This disclosure is presented by way of example and with reference to the associated drawing figures. Components, process steps, and other elements that may be substantially the same in one or more of the figures are identified coordinately and are described with minimal repetition. It will be noted, however, that elements identified coordinately may also differ to some degree. It will be further noted that some figures may be schematic and not drawn to scale.
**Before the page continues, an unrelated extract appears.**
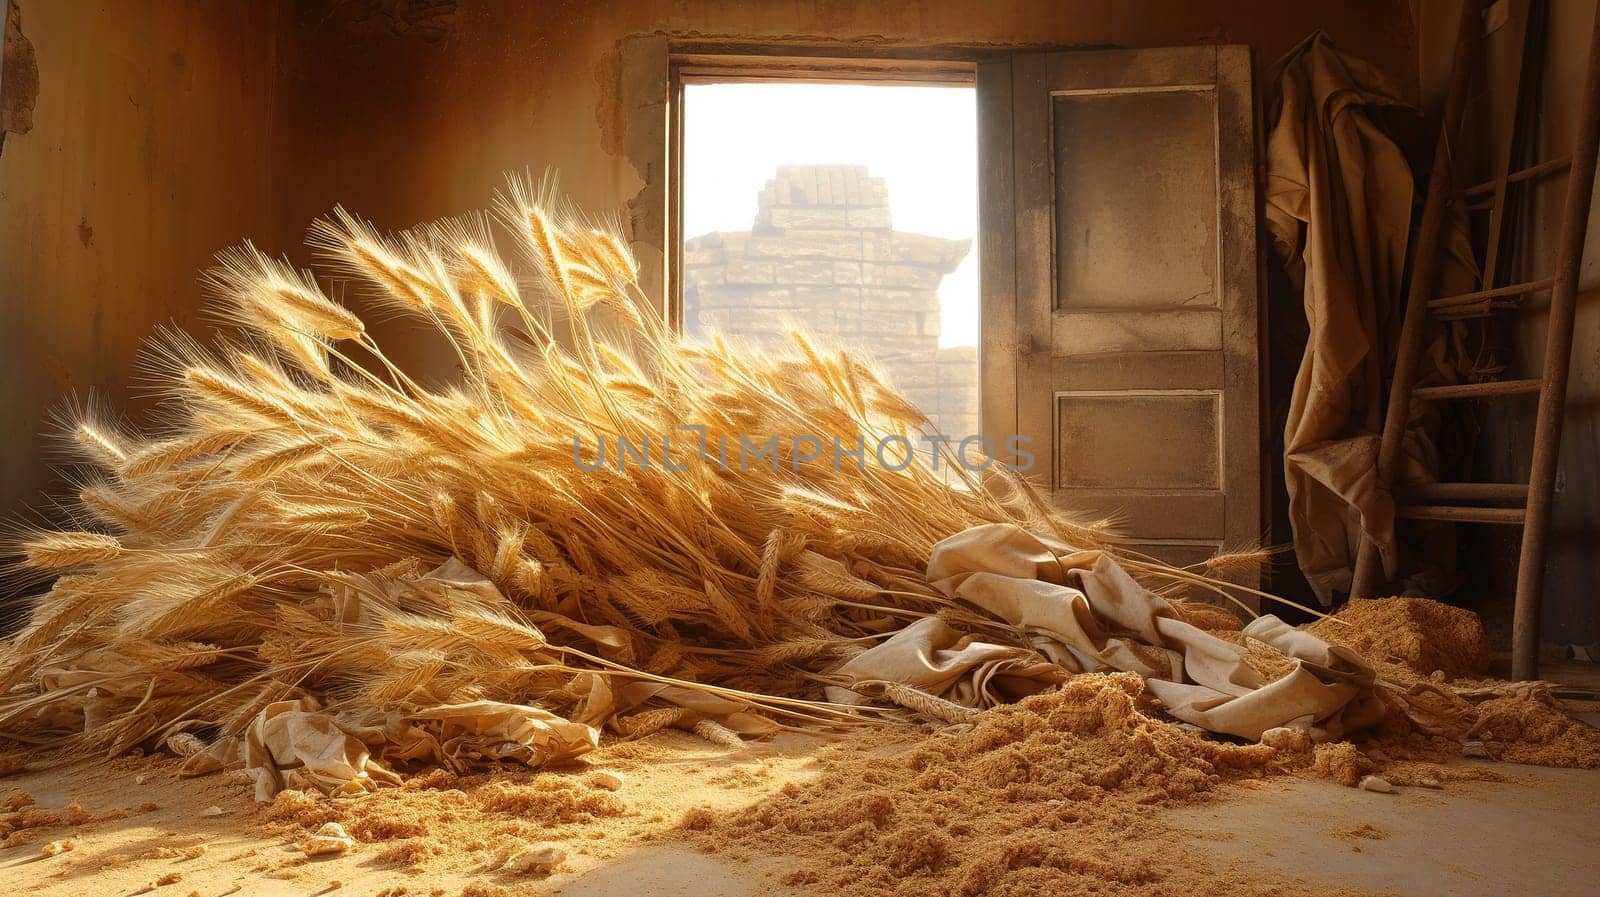 abandoned warehouse with wheat,grain on the floor spilling out of bags torn by rodents,food storage violation, by KaterinaDalemans

The various drawing scales, aspect ratios, and numbers of components shown in the figures may be purposely distorted to make certain features or relationships easier to see.

It will be understood that the configurations and/or approaches described herein are exemplary in nature, and that these specific embodiments or examples are not to be considered in a limiting sense, because numerous variations are possible. The specific routines or methods described herein may represent one or more of any number of processing strategies. As such, various acts illustrated and/or described may be performed in the sequence illustrated and/or described, in other sequences, in parallel, or omitted. Likewise, the order of the above-described processes may be changed.
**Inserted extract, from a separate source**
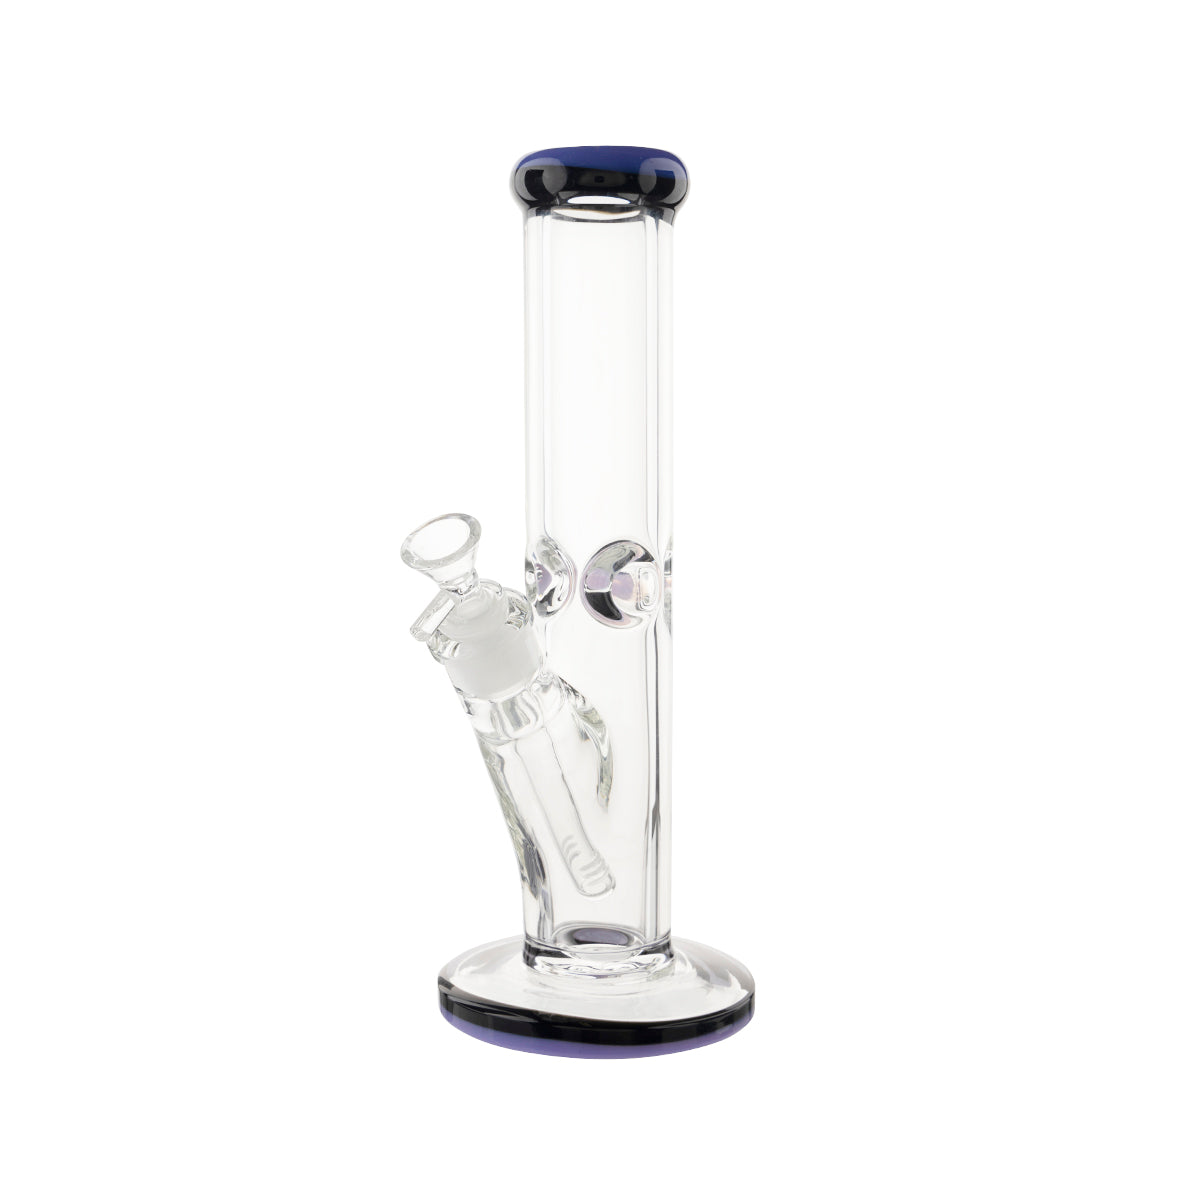 This 12 inche retro straight water pipe is perfect for a smoking sesh with friends.

Further, the disclosure comprises configurations according to the following clauses.

Clause 1. A system for generating an integrated model, comprising: a central server having a plurality of clients, each client privately storing data accessible to the central server; a model trainer configured to: receive a model proposal from a first client; and train the integrated model based on the model proposal and privately stored data for the plurality of clients without exposing the privately stored data for the plurality of clients to the first client; and a model deployer configured to disseminate the trained integrated model to one or more of the plurality of clients.

Clause 2. The system of clause 1, wherein the model trainer is further configured to: train a proposed model based on the model proposal and privately stored data from the first client to generate a first trained local model; and train one or more additional trained local models, each additional trained local model based on the model proposal and privately stored data for one additional client without exposing the privately stored data for the one additional client to the first client.

Clause 3. The system of clause 2, further comprising a model federator configured to federate the first trained local model and the one or more additional trained local models to generate a trained federated model.

Clause 4. The system of clauses 1 to 3, wherein the model trainer is further configured to: receive, from a second client, an amended model proposal; train an amended trained local model based on the amended model proposal and privately stored data from the second client to generate a first amended trained local model; and train one or more additional amended trained local models, each additional amended trained local model based on the amended model proposal and privately stored data for one additional client, such that the data from each additional client is not exposed to any other client, and wherein the model federator is further configured to federate the amended trained local model and the one or more additional amended trained local models to generate an amended trained federated model.

Clause 5. The system of clauses 1 to 4, wherein the model deployer is configured to compare the trained federated model and the amended trained federated model, and to disseminate a higher performing federated model to each of the plurality of clients.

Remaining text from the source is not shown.